Collected data:
++++++++
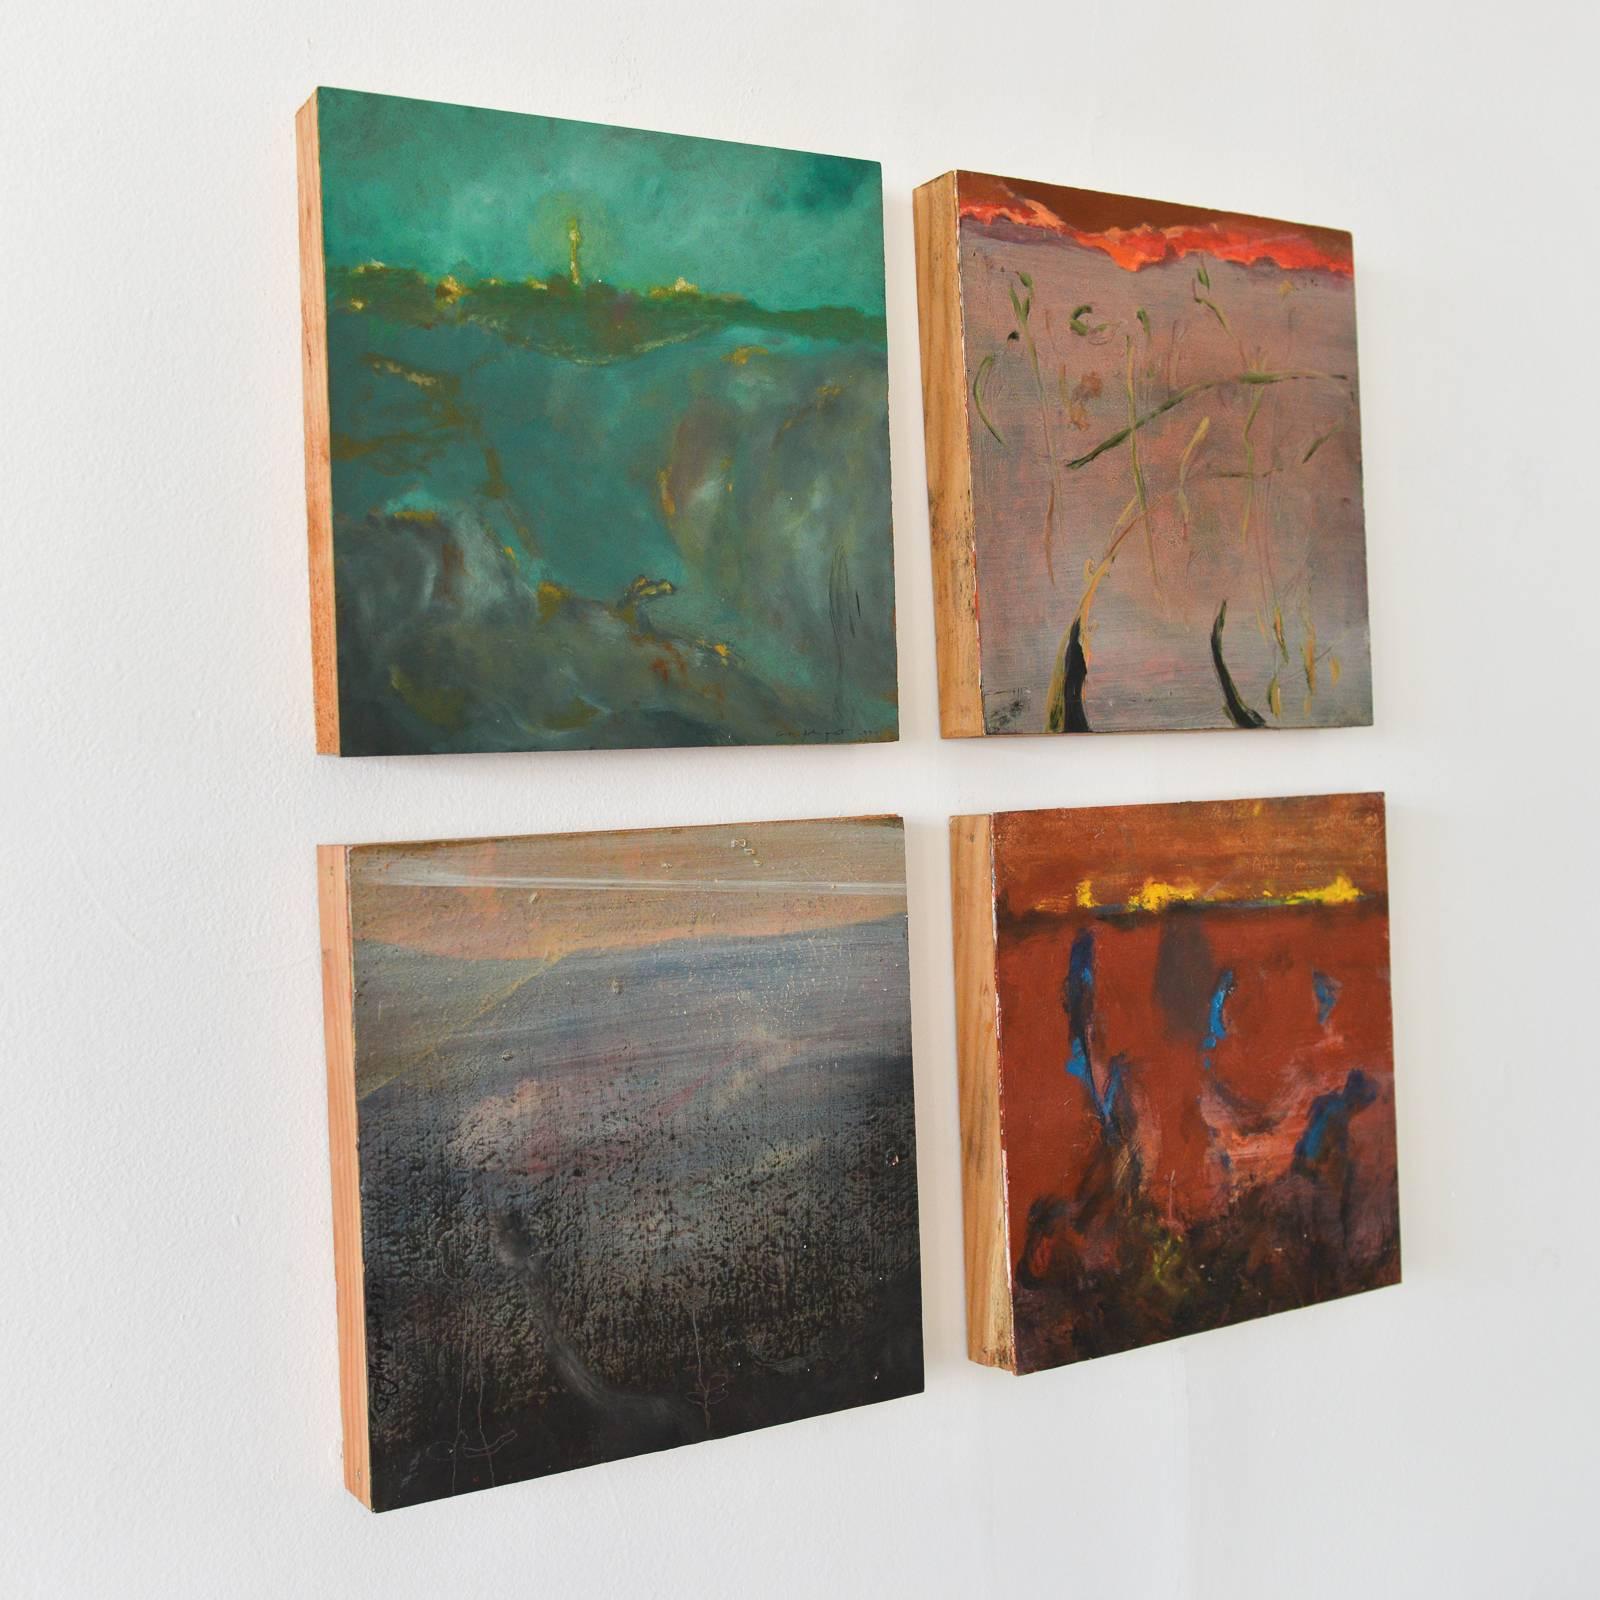 Set of four original abstract paintings on wood by California Artist Gilbert Johnquest, 1997. Can be hung any way you desire. Each painting is 12 x 12 and painted on wood in a reclaimed wood frame.

All signed by the artist in 1997.
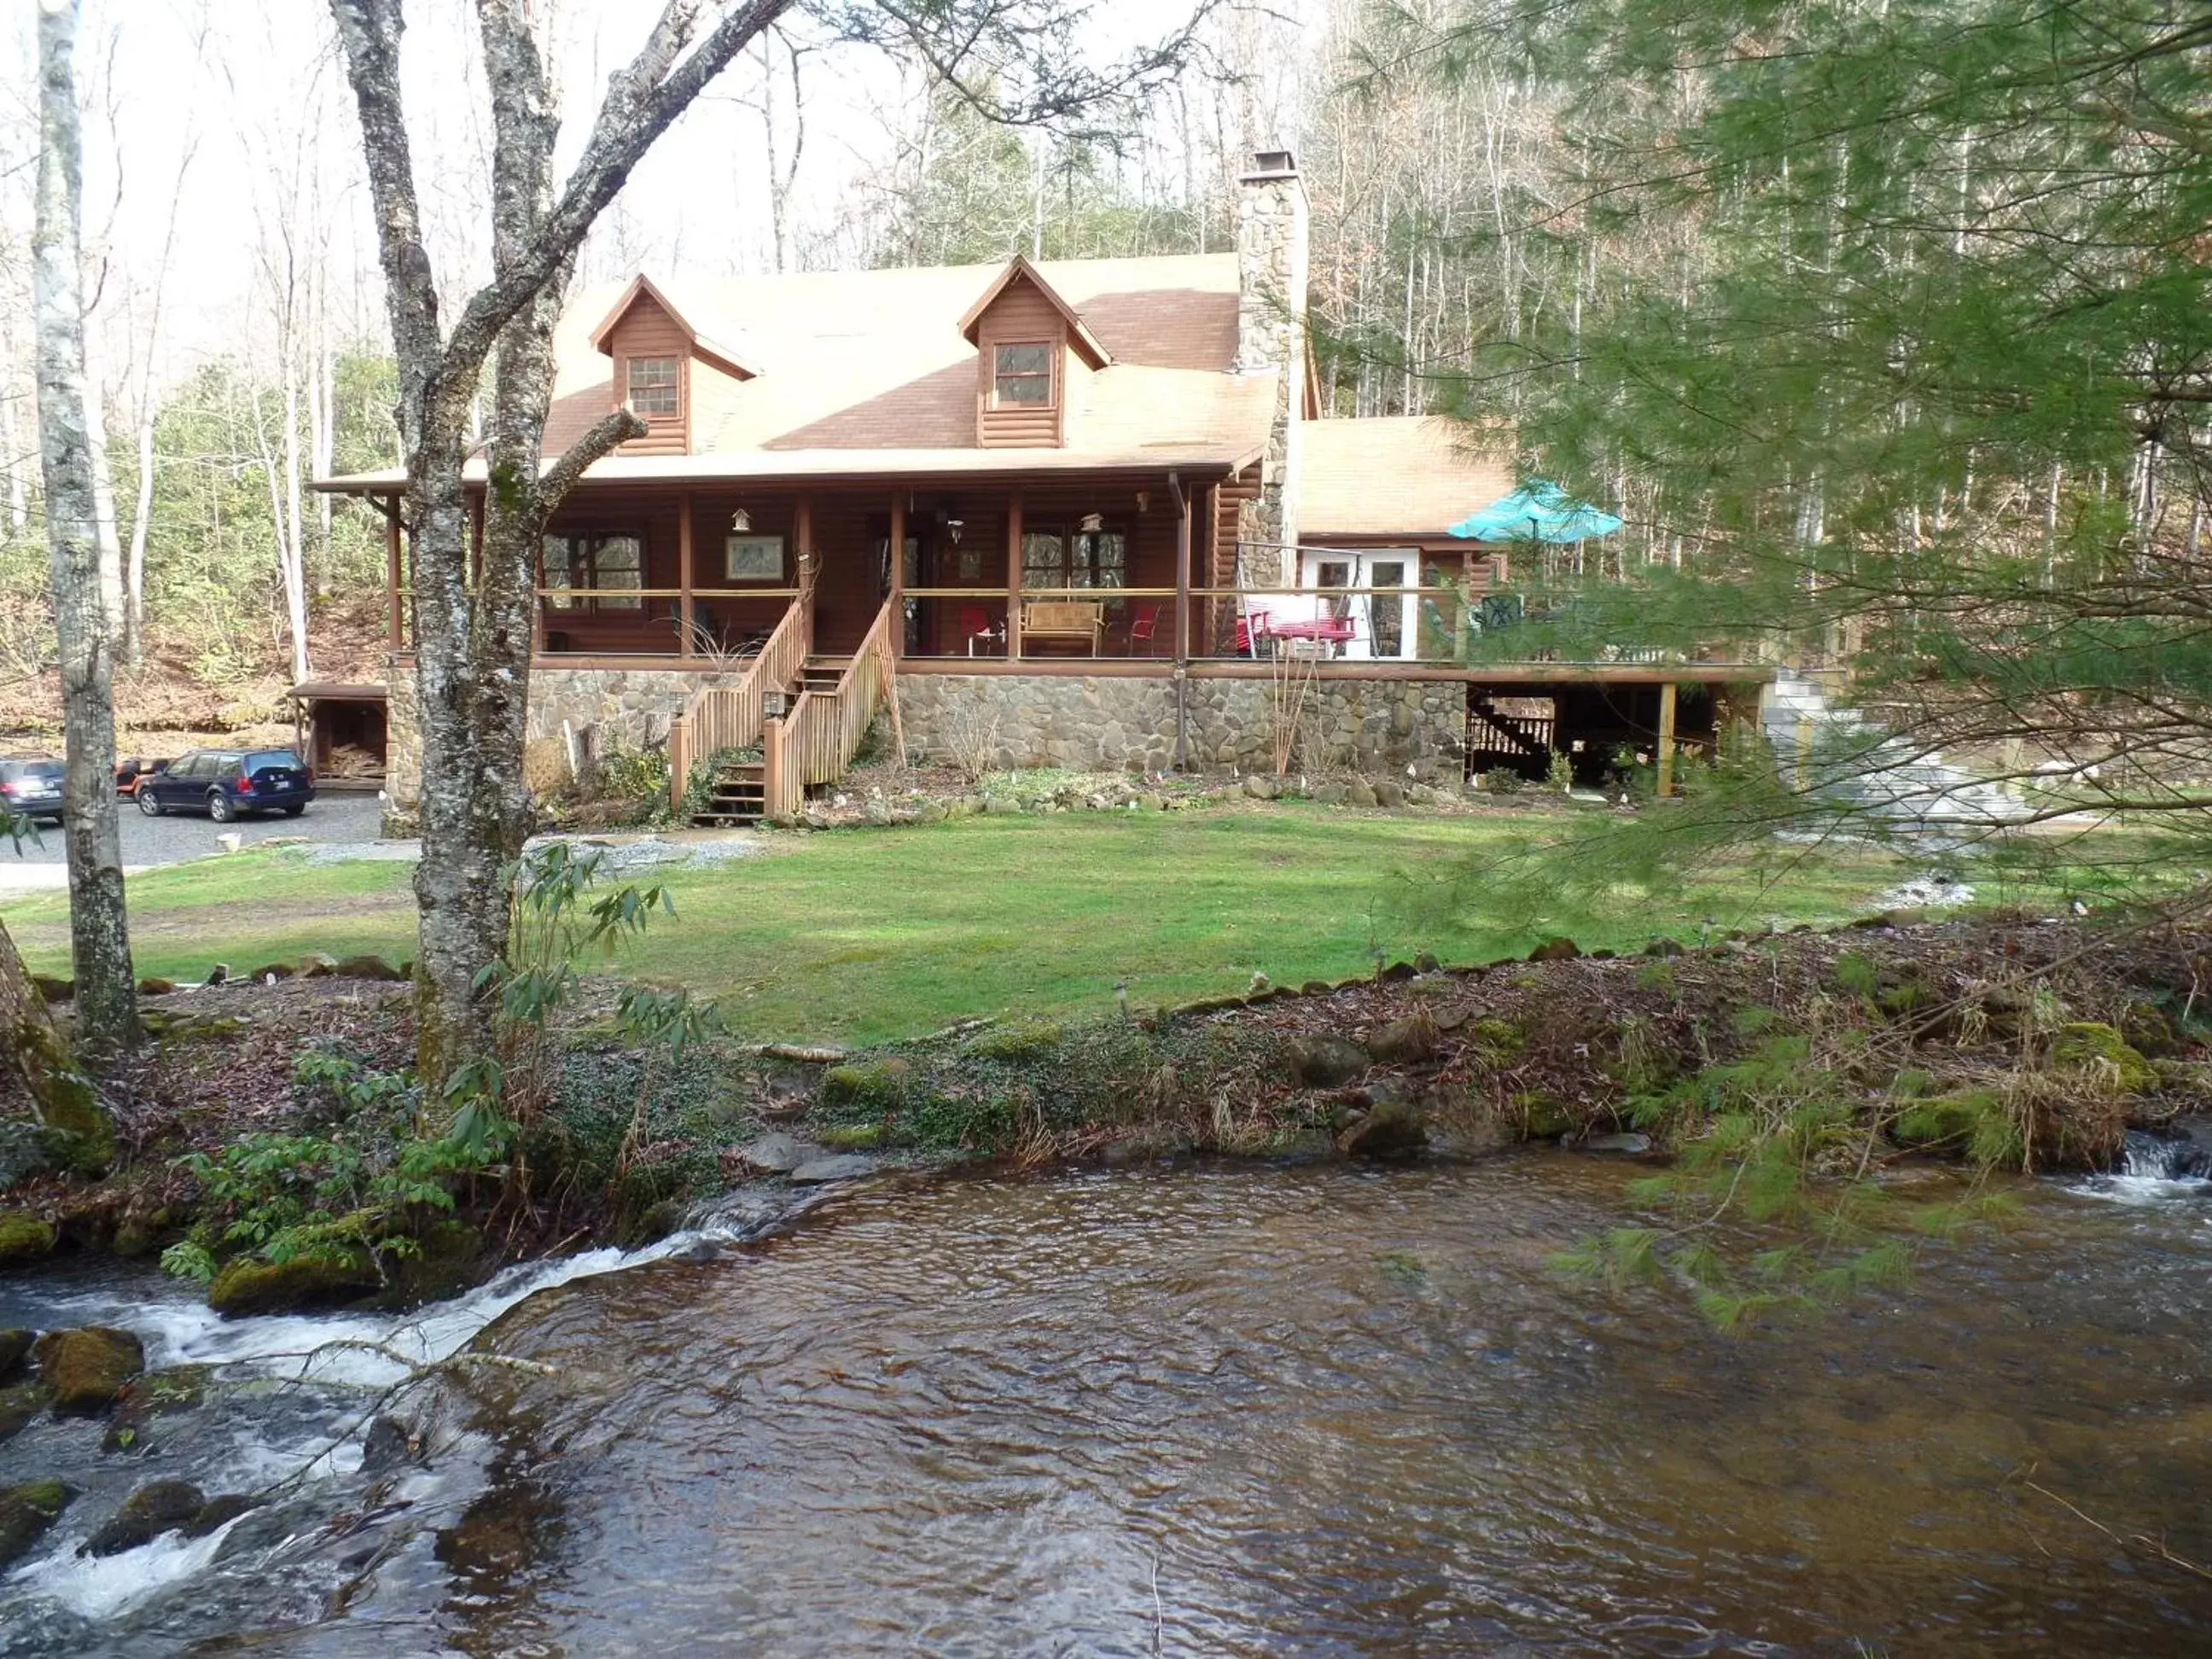 Property Building in Creekside Paradise Bed and Breakfast
++++++++
The task: Repeat the listing above word for word. Do not include the pictures.

Solution:
 Set of four original abstract paintings on wood by California Artist Gilbert Johnquest, 1997. Can be hung any way you desire. Each painting is 12 x 12 and painted on wood in a reclaimed wood frame.

All signed by the artist in 1997.
 Property Building in Creekside Paradise Bed and Breakfast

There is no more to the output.